A meat barn in Stroudsburg had 13 violations, including improper hair restraints, a missing certified food employee during operation hours, spoiled food, and holes in the wall, indicating a lack of protection against pests. The kitchen freezer also had a heavy buildup of ice and ice crystals covering food products. A follow-up inspection revealed no violations.

Establishments with Minor Violations

Several establishments were found to be in compliance but had minor violations. An urban winery in Stroudsburg had only one violation - the absence of readily accessible thermometers in refrigeration equipment. A food outlet in East Stroudsburg had two violations related to improper food temperature and dust buildup in various areas.

A store in Tannersville was found to have three violations, including the lack of a three-compartment sink for manual warewashing, no thermometers in mini refrigerators, and the absence of an employee certified in a food protection manager course.

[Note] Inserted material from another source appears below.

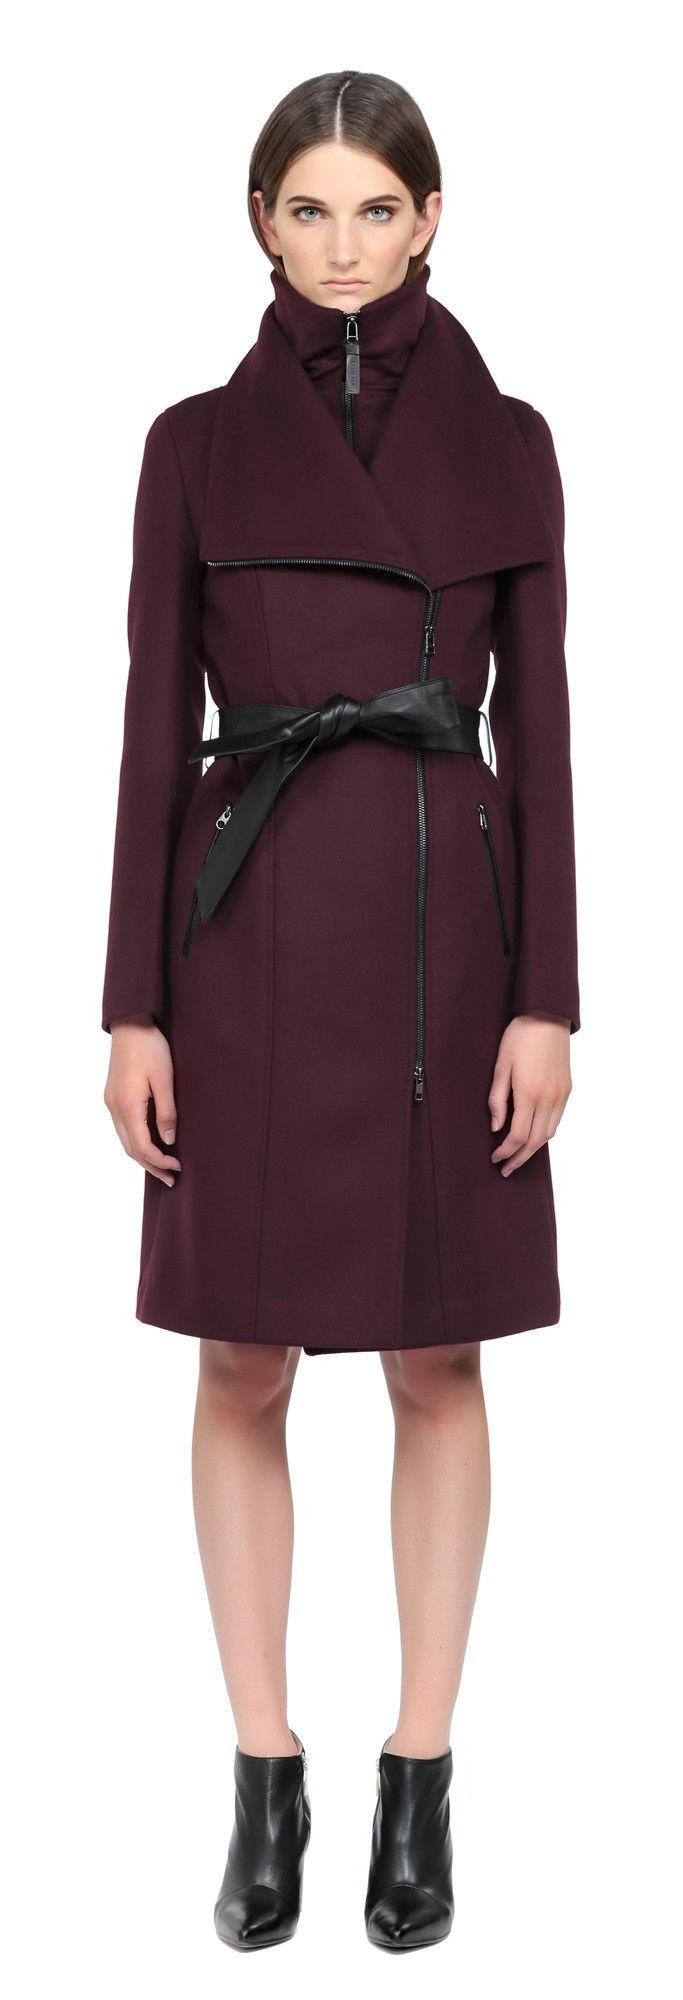 Mackage - Manteau en laine Nori
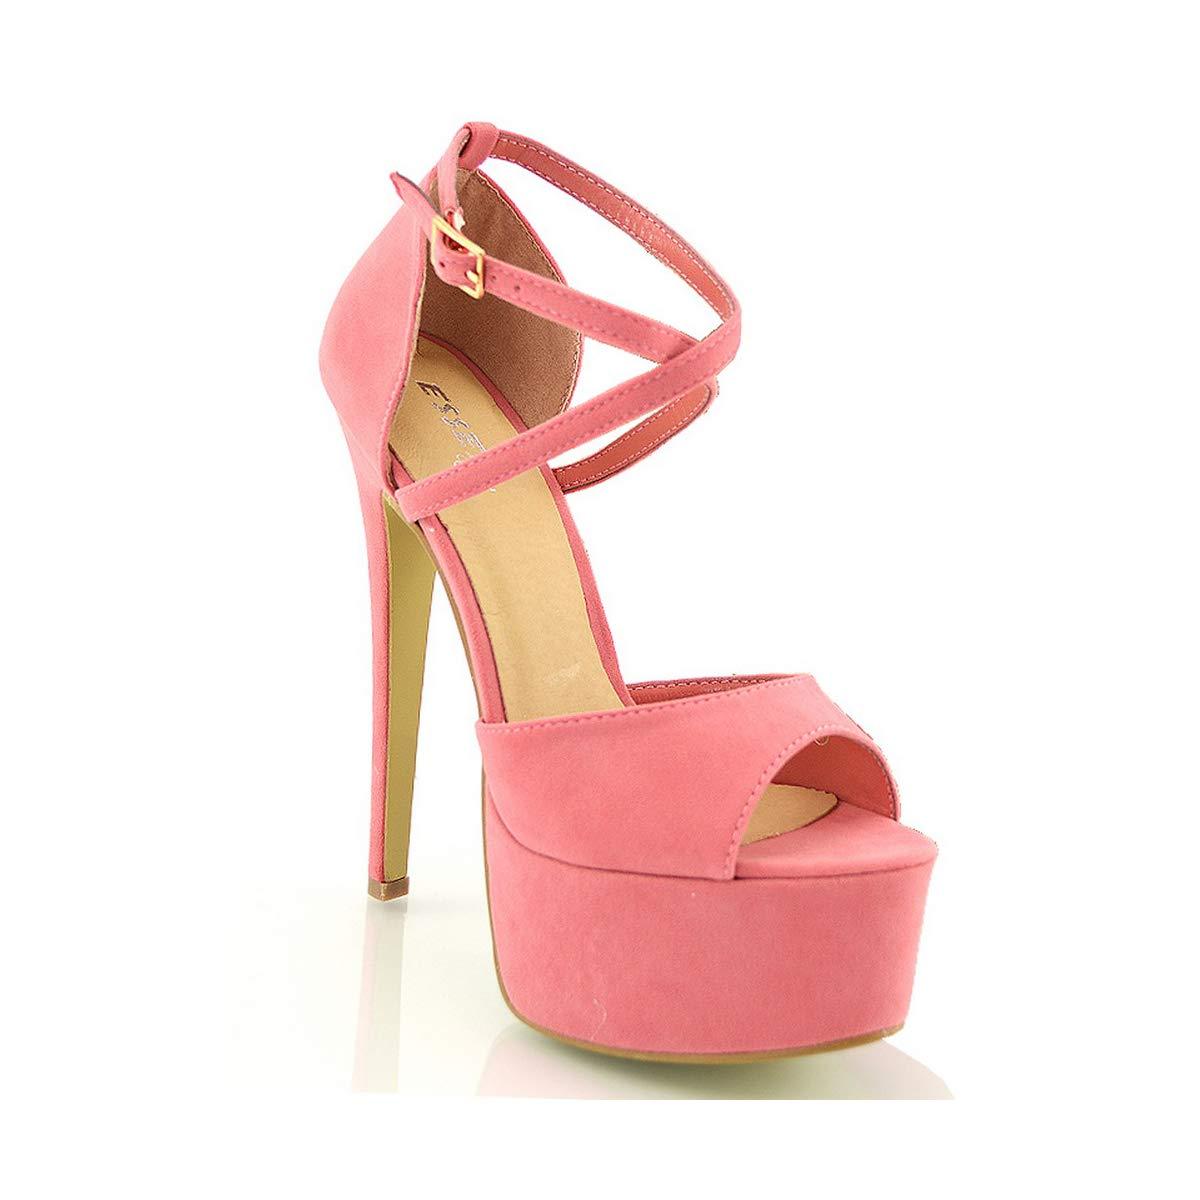 da663d39e8a Womens Platform Strappy Stiletto Ladies High Heel Cross Over Ankle Strap  Sandals Shoes Size 3-8  Amazon.co.uk  Shoes   Bags

A fast-food restaurant in the same area had seven violations, including improper food temperature, unsanitary storage of utensils, and improper sanitizer concentration.

Schools and Other Establishments

Several schools were also inspected. In one, milk was not received at the proper temperature, and it was left unattended and unrefrigerated. In another, the milk cooler was not maintaining the required temperature, and milk was held at an improper temperature. Both were resolved in follow-up inspections.

A few other establishments had various violations ranging from cleanliness issues, improper food temperature, lack of proper food labeling, and improper sanitizer concentration. However, all establishments rectified their violations either immediately or in follow-up inspections.

Conclusion

The inspections showcase the constant vigilance required to maintain food safety standards. While some establishments had violations, it's important to note that most corrected them promptly, demonstrating their commitment to providing safe and quality food to their patrons.